Now paleontologists have discovered a 150-million-year-old stegosaur (above) in Portugal with a neck that stretched over 5.9 feet (1.8 meters), a February 2009 study reported.
Matt Kaplan
This stegosaur wasn't neck and neck with its peers.
The dinosaurs have long been identified by the bony plates on their backs, the spikes on their tales, short forelimbs, and stubby little necks.
But now paleontologists have discovered a 150-million-year-old stegosaur in Portugal with a neck that stretched over 5.9 feet (1.8 meters). (Read more about the Jurassic period.)
The neck of the new species, dubbed Miragaia longicollum, is considerably longer than the few inches seen on the average stegosaur neck. Miragaia's neck is also very long compared to the dinosaur's 19.6-foot (6-meter) body length.

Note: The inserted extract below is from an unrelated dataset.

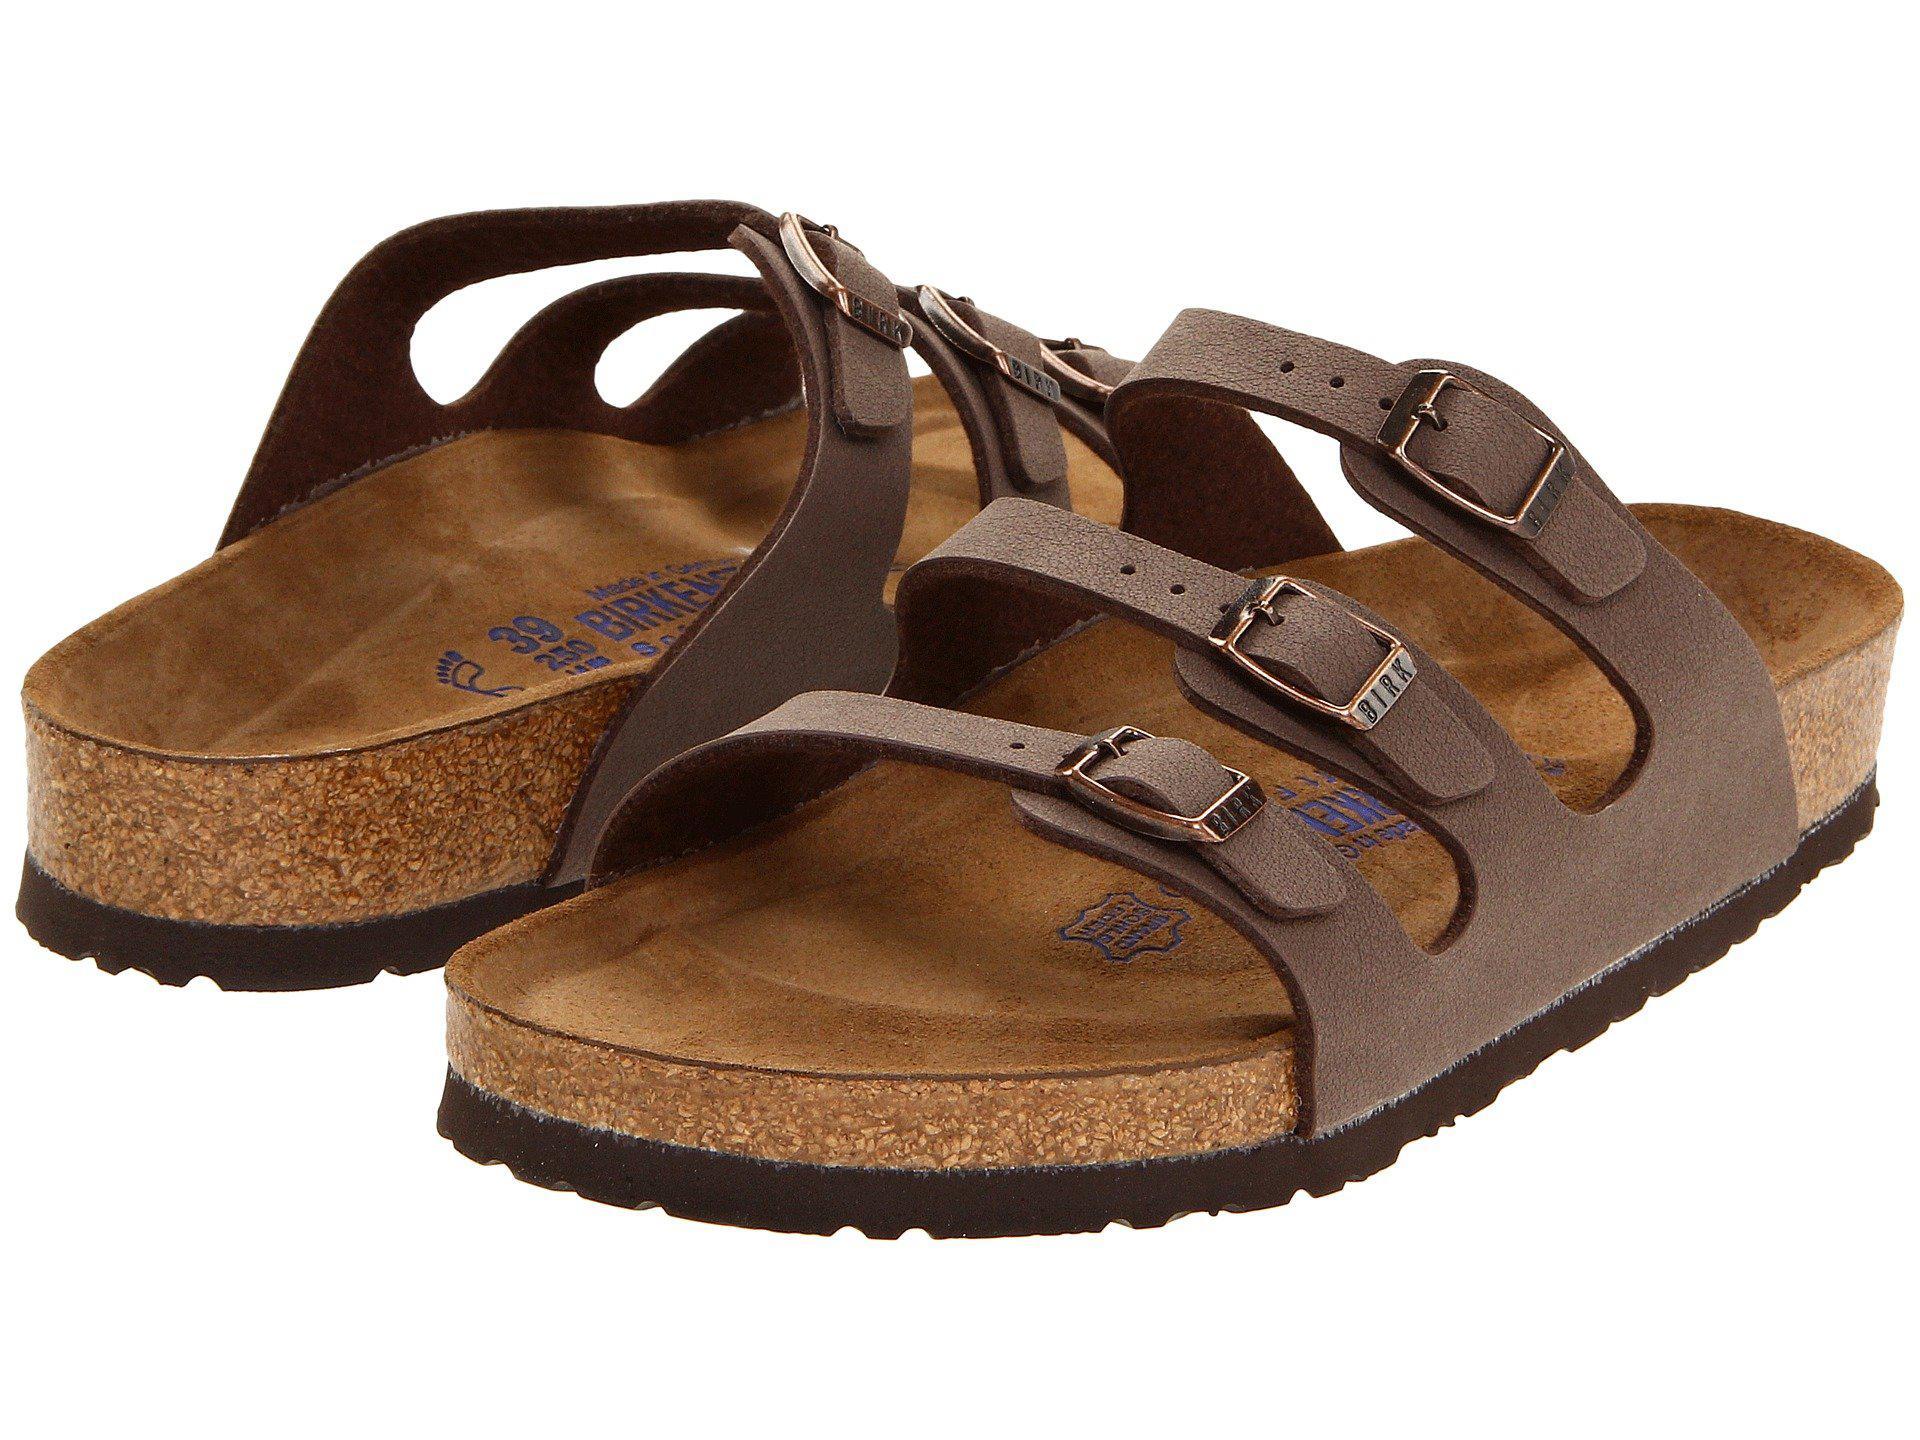 e4c937527eea Birkenstock. Brown Florida Soft Footbed - Birkibuc (mocha Birkibuc) Women s  Sandals

The newly discovered stegosaur has 17 cervical vertebra, or neck bones—five more than a normal stegosaur and ten more than the modern giraffe. (See pictures of stegosaurs walking.)
"The increase in neck length among stegosaurs demonstrates the evolutionary [flexibility] of dinosaurs and their ability to adapt to change," said lead author Octavio Mateus at Universidade Nova de Lisboa in Portugal.
Having a long neck does not mean that Miragaia was all that different from other stegosaurs—just that it was probably grazing on taller foods, Mateus said.
One of the dinosaur's dietary staples, for example, was a group of fernlike plants called cycads.
"Cycads took on a variety of growth habits, including small treelike forms," noted paleontologist Paul Barrett at the Natural History Museum, London, who was not involved in the study.
"It's possible this animal was still feeding on cycads ... even if it was, on average, browsing at higher levels than other stegosaurs," Berrett said.